UNITED STATES
                       SECURITIES AND EXCHANGE COMMISSION
                             Washington, D.C. 20549

                                 SCHEDULE 13G/A


                    Under the Securities Exchange Act of 1934
                               (Amendment No. 2)*



                             Paradyne Networks, Inc.
--------------------------------------------------------------------------------
                                (Name of Issuer)

                         Common Stock, $0.001 par value
--------------------------------------------------------------------------------
                         (Title of Class of Securities)

                                    69911G107
--------------------------------------------------------------------------------
                                 (CUSIP Number)
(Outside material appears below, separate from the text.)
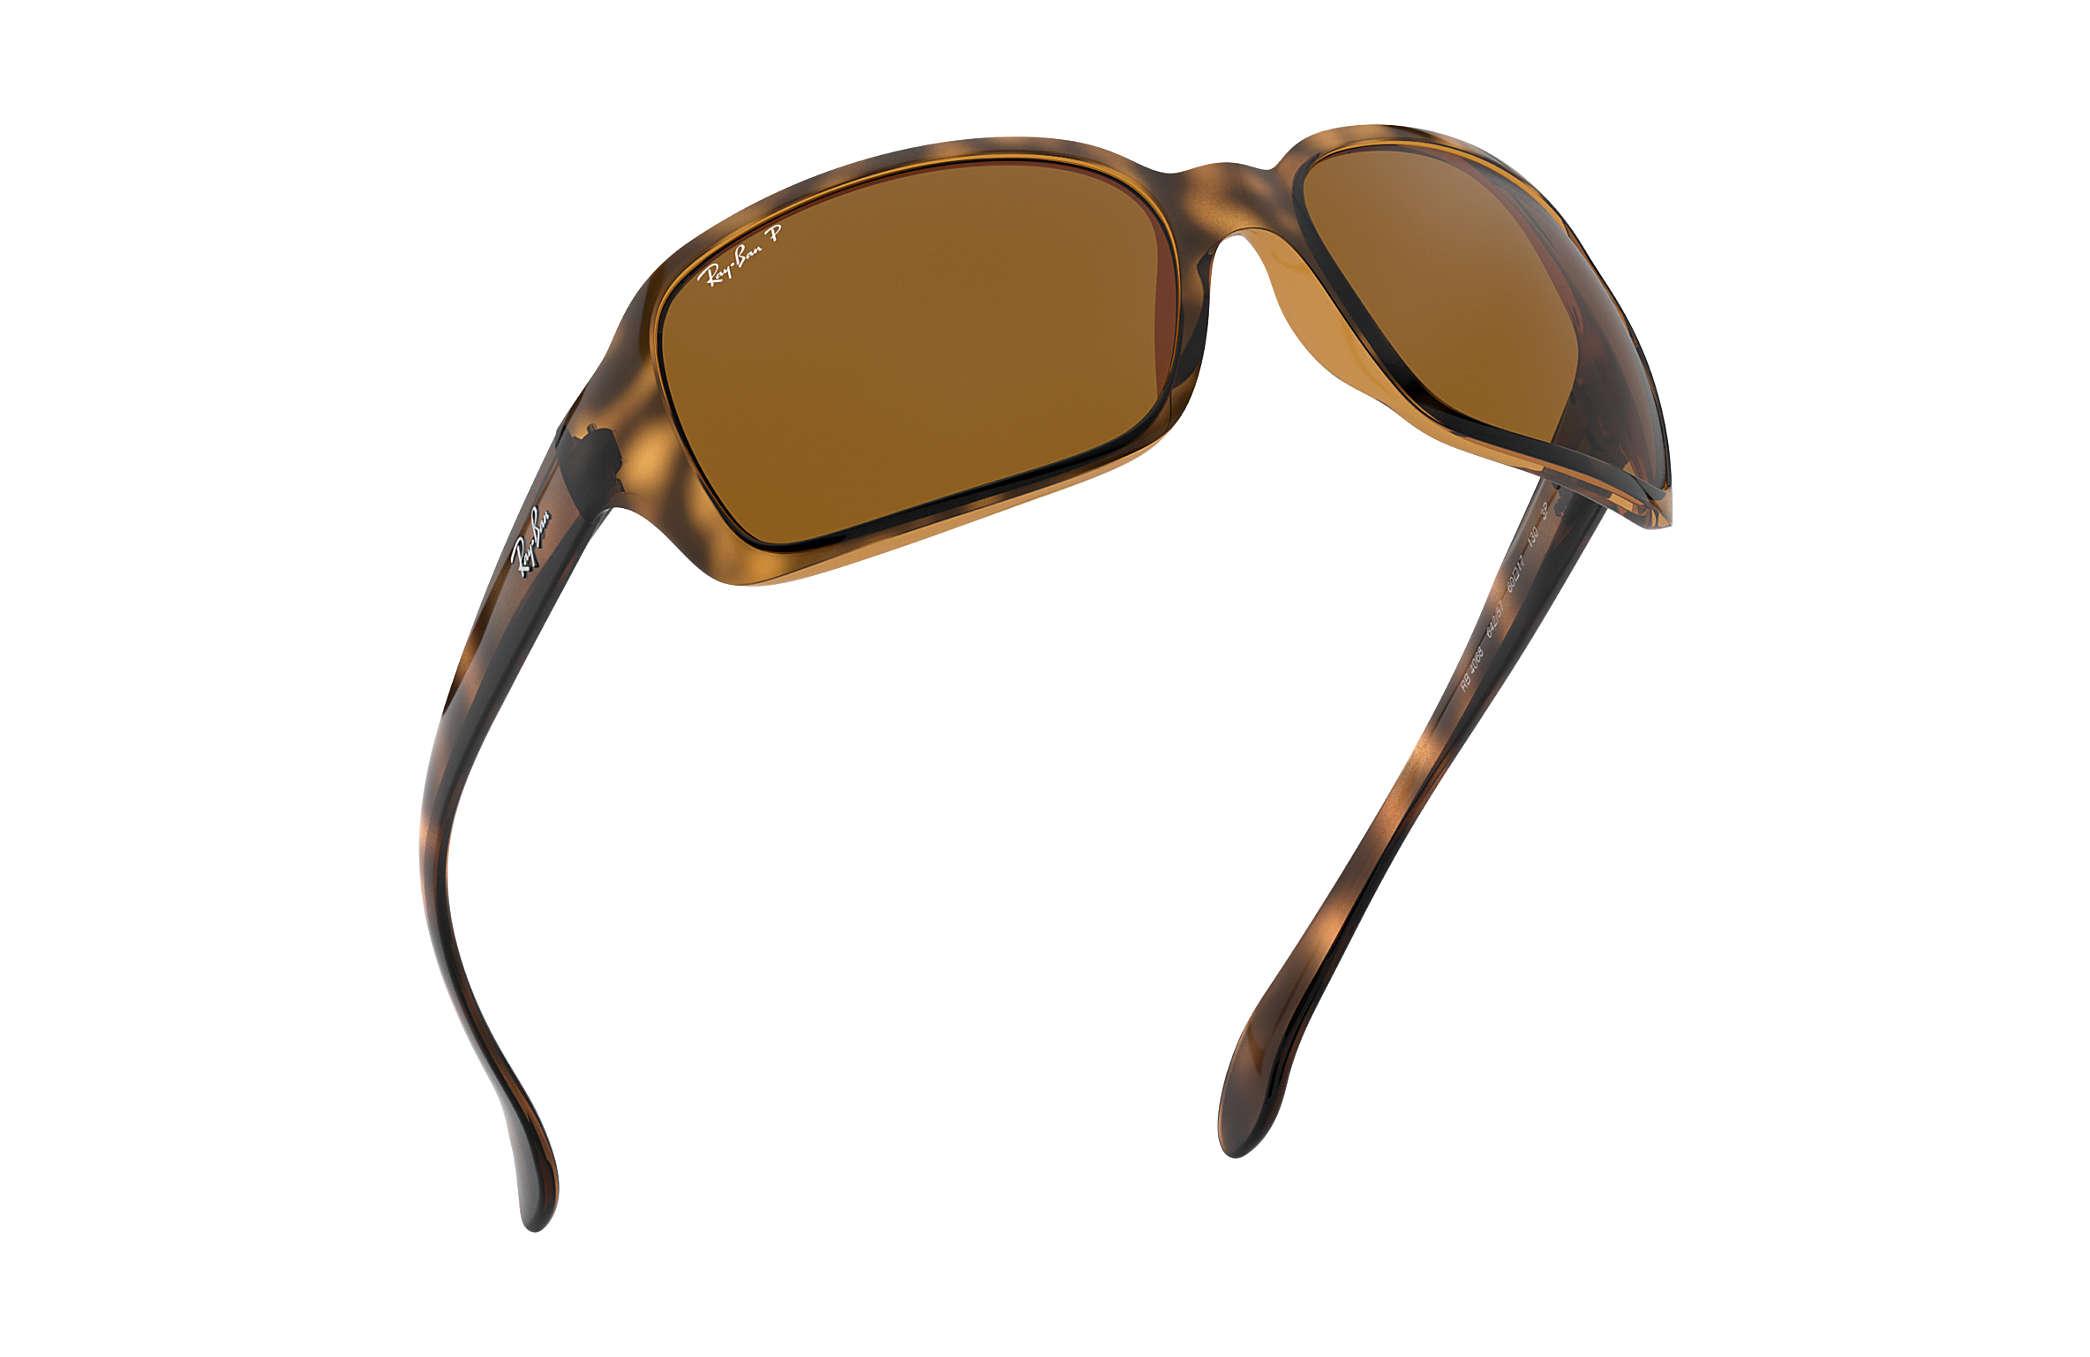 23ca95c21a8 Ray-Ban RB4068 Tortoise - Nylon - Brown Polarized Lenses ...

                                February 24, 2005
--------------------------------------------------------------------------------
             (Date of Event Which Requires Filing of this Statement)
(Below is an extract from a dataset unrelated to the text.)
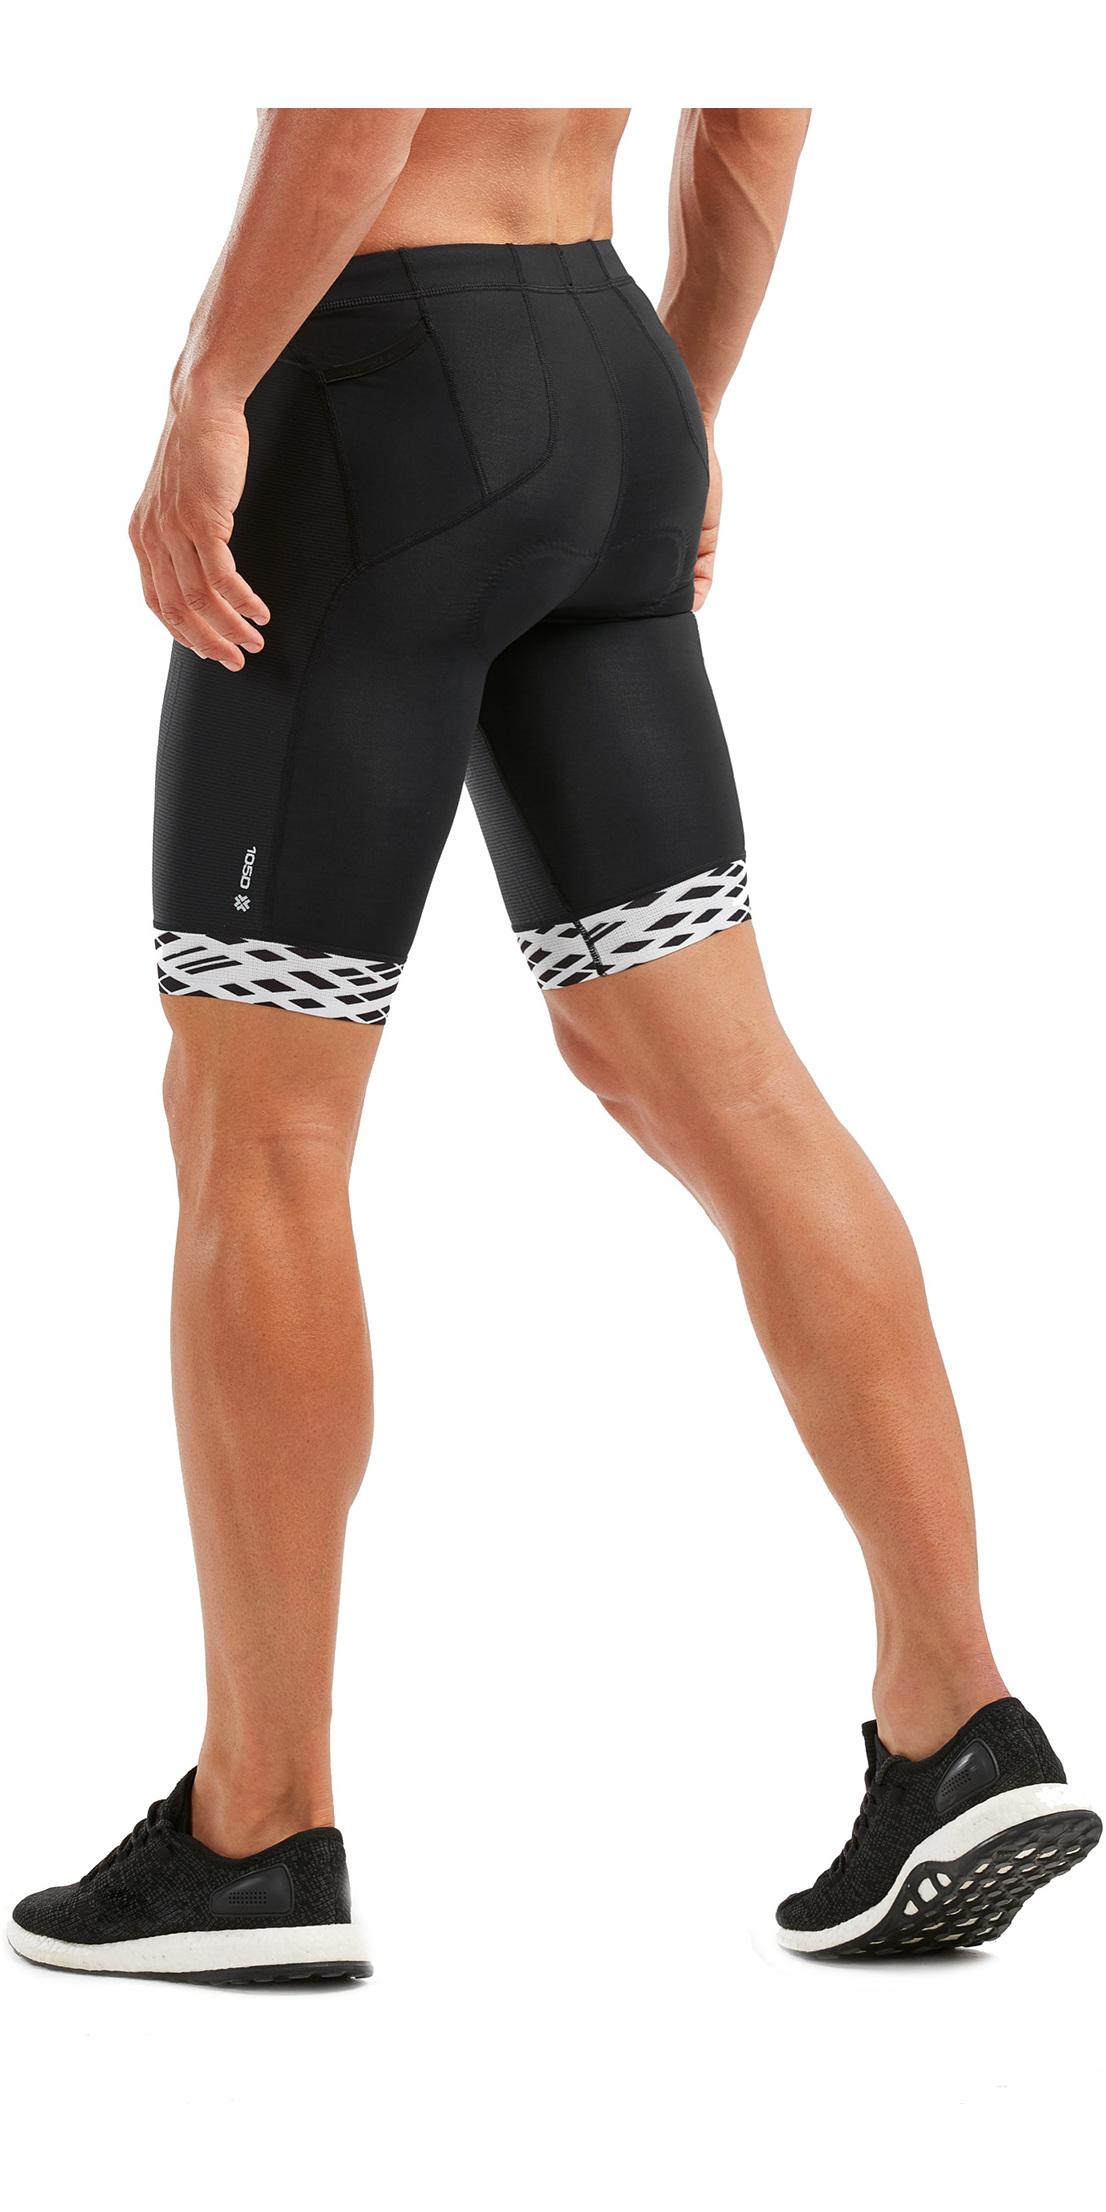 2019 2XU Mens Compression Tri Shorts Black / White Lines MT5520b

Check the appropriate box to designate the rule pursuant to which this Schedule
is filed:

            [ ]   Rule 13d-1(b)
            [X]   Rule 13d-1(c)
            [ ]   Rule 13d-1(d)

*The remainder of this cover page shall be filled out for a reporting person's
initial filing on this form with respect to the subject class of securities, and
for any subsequent amendment containing information which would alter the
disclosures provided in a prior cover page.

The information required in the remainder of this cover page shall not be deemed
to be "filed" for the purpose of Section 18 of the Securities Exchange Act of
1934 ("Act") or otherwise subject to the liabilities of that section of the Act
but shall be subject to all other provisions of the Act (however, see the
Notes).



CUSIP No. 69911G107


  1.  Names of Reporting Persons.
      I.R.S. Identification Nos. of above persons (entities only).

      Nortel Networks Corporation

  2   Check the Appropriate Box if a Member of a Group (See Instructions)
                                                                       (a) [ ]
                                                                       (b) [ ]

  3   SEC Use Only

  4   Citizenship or Place of Organization

      Ontario, Canada

                          5    SOLE VOTING POWER

                               - 0 -
         Number of
          Shares          6    SHARED VOTING POWER
       Beneficially
         Owned by              - 0 -
           Each
         Reporting        7    SOLE DISPOSITIVE POWER
          Person
           With:               - 0 -

                          8    SHARED DISPOSITIVE POWER

                               - 0 -

   9  Aggregate Amount Beneficially Owned by Each Reporting Person

      - 0 -

  10  Check if the Aggregate Amount in Row (9) Excludes Certain Shares
      (See Instructions)  [ ]

  11  Percent of Class Represented by Amount in Row (9)

      0.0%

  12  Type of Reporting Person

      CO




Item 1.

     (a)    Name of Issuer:

            Paradyne Networks, Inc.

     (b)    Address of Issuer's Principal Executive Offices:

            8545 126th Avenue North, Largo, FL 33773

Item 2.

     (a)    Name of Persons Filing:

            Nortel Networks Corporation

     (b)    Address of Principal Business Office:

            8200 Dixie Road, Suite 100, Brampton, Ontario L6T 5P6, Canada

     (c)    Citizenship:

            Ontario, Canada

     (d)    Title of Class of Securities:

            Common Stock ($0.001 par value)

     (e)    CUSIP Number:

            69911G107

Item  3.    If this statement is filed pursuant to Sections 240.13d-1(b), or
            240.13d-2(b) or (c), check whether the person filing is a:

     (a)    [ ]  Broker or dealer registered under section 15 of the Act
                 (15 U.S.C. 78o).

     (b)    [ ]  Bank as defined in section 3(a)(6) of the Act  (15 U.S.C. 78c).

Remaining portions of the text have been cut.